All the open air cinema screening organisations listed, and many others, are showing other films across London and a reasonably complete list is here:
https://storify.com/jobrodie/open-air-cinema-screenings-london-2017

*Don’t forget that the last weekday train from Peckham Rye to Blackheath is 23:51 and you might need to allow a bit longer to walk back to the station as they close off the main cut-through back to the station. I discovered this last night after a lovely screening of Pride and Prejudice there (with a fun Q&A with Joe Wright the director beforehand) which has a run time of 2h 15 and began at 9.45. I’d allowed 10 mins to get back to the station and had quite the sense of humour failure when someone tried to redirect me to follow a different, longer route in an opposite direction, risking losing the train – fortunately I won that argument, they opened the barrier for me and I got the last train home.

 

How competitive walking (in Blackheath) captivated Georgian Britain h/t @FakeDaveGreen

via How Competitive Walking Captivated Georgian Britain – Atlas Obscura

I’ve been enjoying this surprising article about competitive walking in Georgian Britain, it was particularly interesting to me given that it takes place partly at Hare and Billet in Blackheath which has been the site of my own recent excursions 🙂

Incidentally the reason I took up walking in and around London was after re-reading Dickens’ Oliver Twist in my mid-twenties. I’d always taken the bus everywhere before that (living in Camberwell at the time meant the tube was less of an option anyway) and enjoyed reading about people walking through bits of London I passed on the bus. It just hadn’t really occurred to me that one might or could walk around London, or that it might be done for pleasure, or health benefits. The people in the book had to walk from necessity (couldn’t afford the alternatives) so it probably wasn’t much fun for them.
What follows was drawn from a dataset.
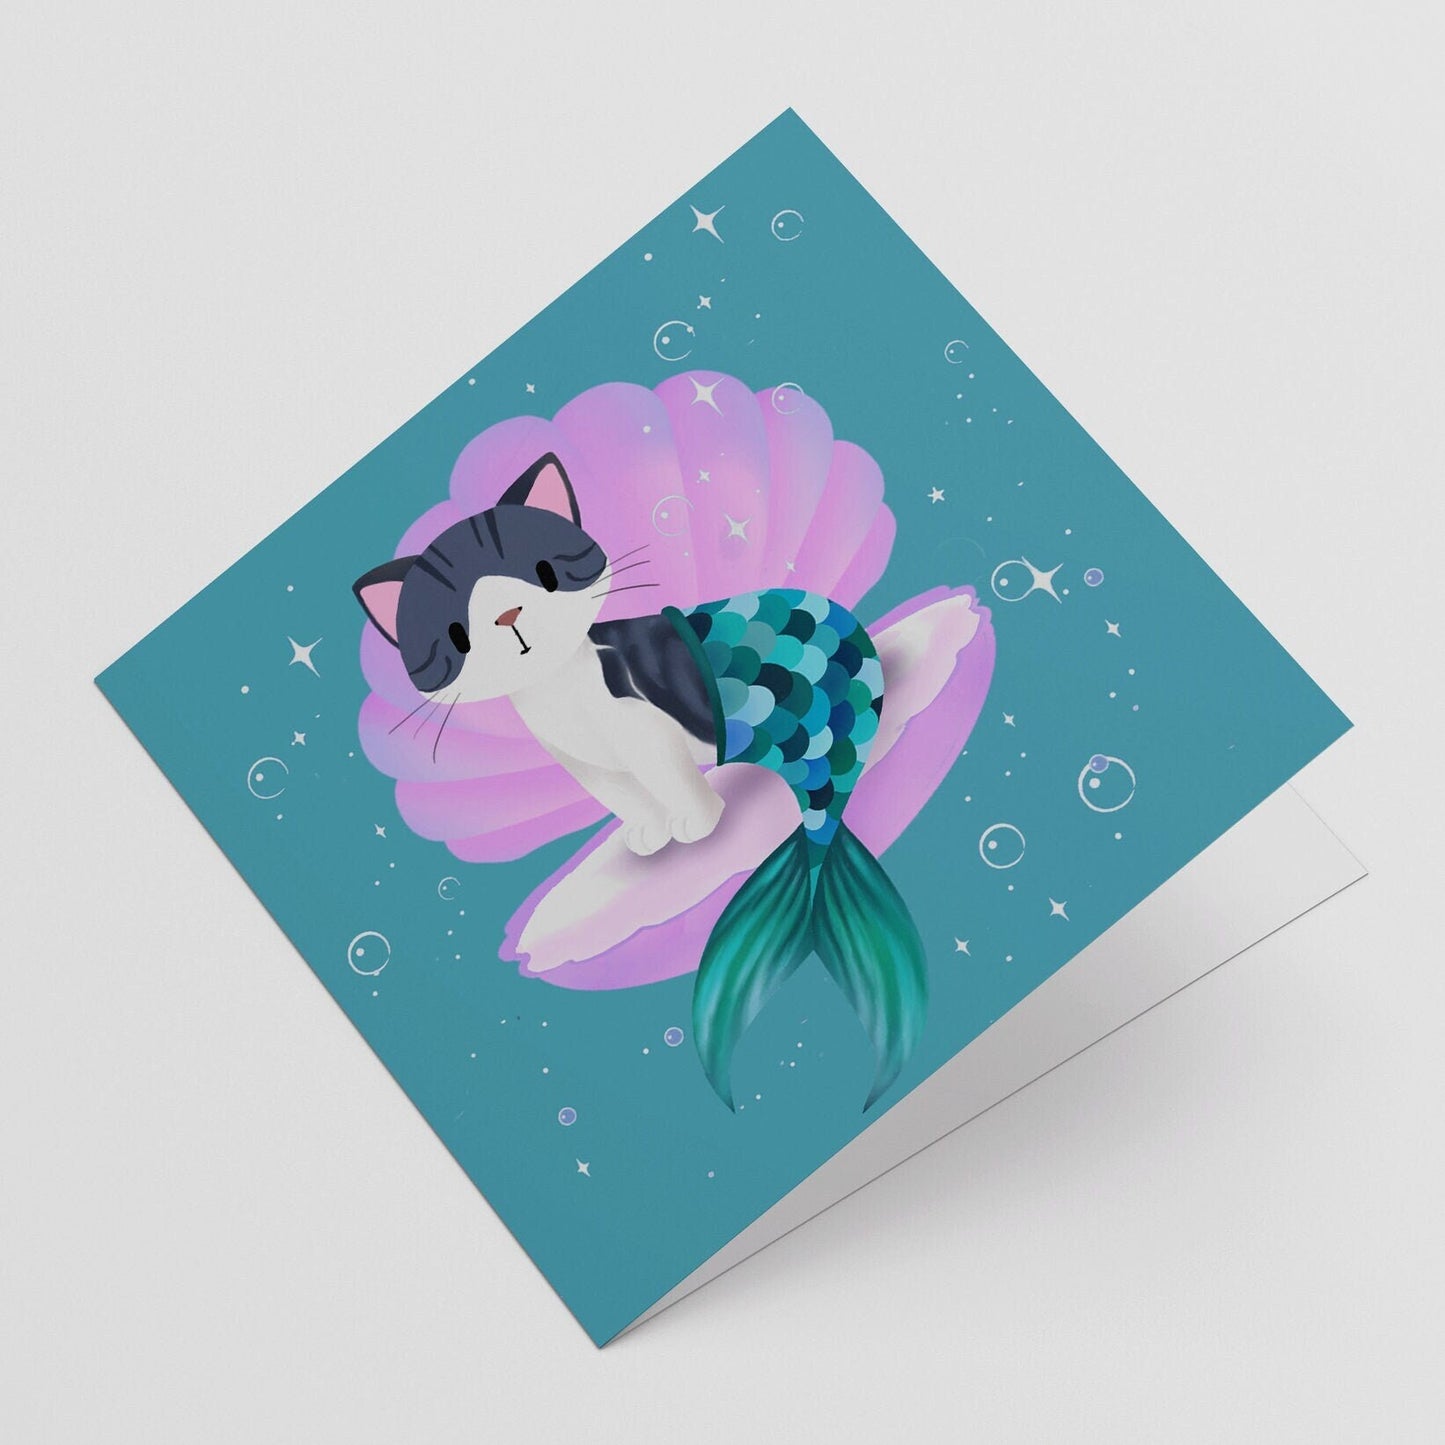 Rocky the Purrmaid - Any Occasion Greeting Card, Greeting Cards/Postcards, Greeting & Note Cards

I would have been no good at Georgian competitive pedestrianism though. Because I’d regularly bussed and walked the journey from Camden to Charing Cross, and from Charing Cross to Camberwell I’d assumed it would be plain sailing to follow the 53 route back to Blackheath. So one hot Saturday afternoon a few years ago I set off from Camden and walked all the way to Deptford before thinking better of it. According to my GPS tracker I’d done 14 miles in about six hours, which is fairly feeble (and the distance can’t really be much more than 9 miles – though I was following the less direct bus route). By the time I arrived at Deptford Bridge I was more shuffling than walking. A 53 bus arrived and I realised I wouldn’t be able to get on to it as I could barely lift my feet up, then someone with crutches arrived (overtaking me) and the driver lowered the platform for them and I was able to shuffle on. I remember my hip joints squeaking as I walked up the stairs to my flat and I thought I’d never do that again, though by the next day I was perfectly fine. These days I tend to restrict myself to 40 minute walks though, can’t be too careful 😉

Walking in London is actually quite hard-going and it’s not that related to the distances. You’re constantly keeping out of others’ way and at very regular intervals you’re required to cross roads which breaks your pace a fair bit, not to mention the general background efforts at being ‘London alert’. And in my case especially, trying not to get lost (this is why I follow the bus routes).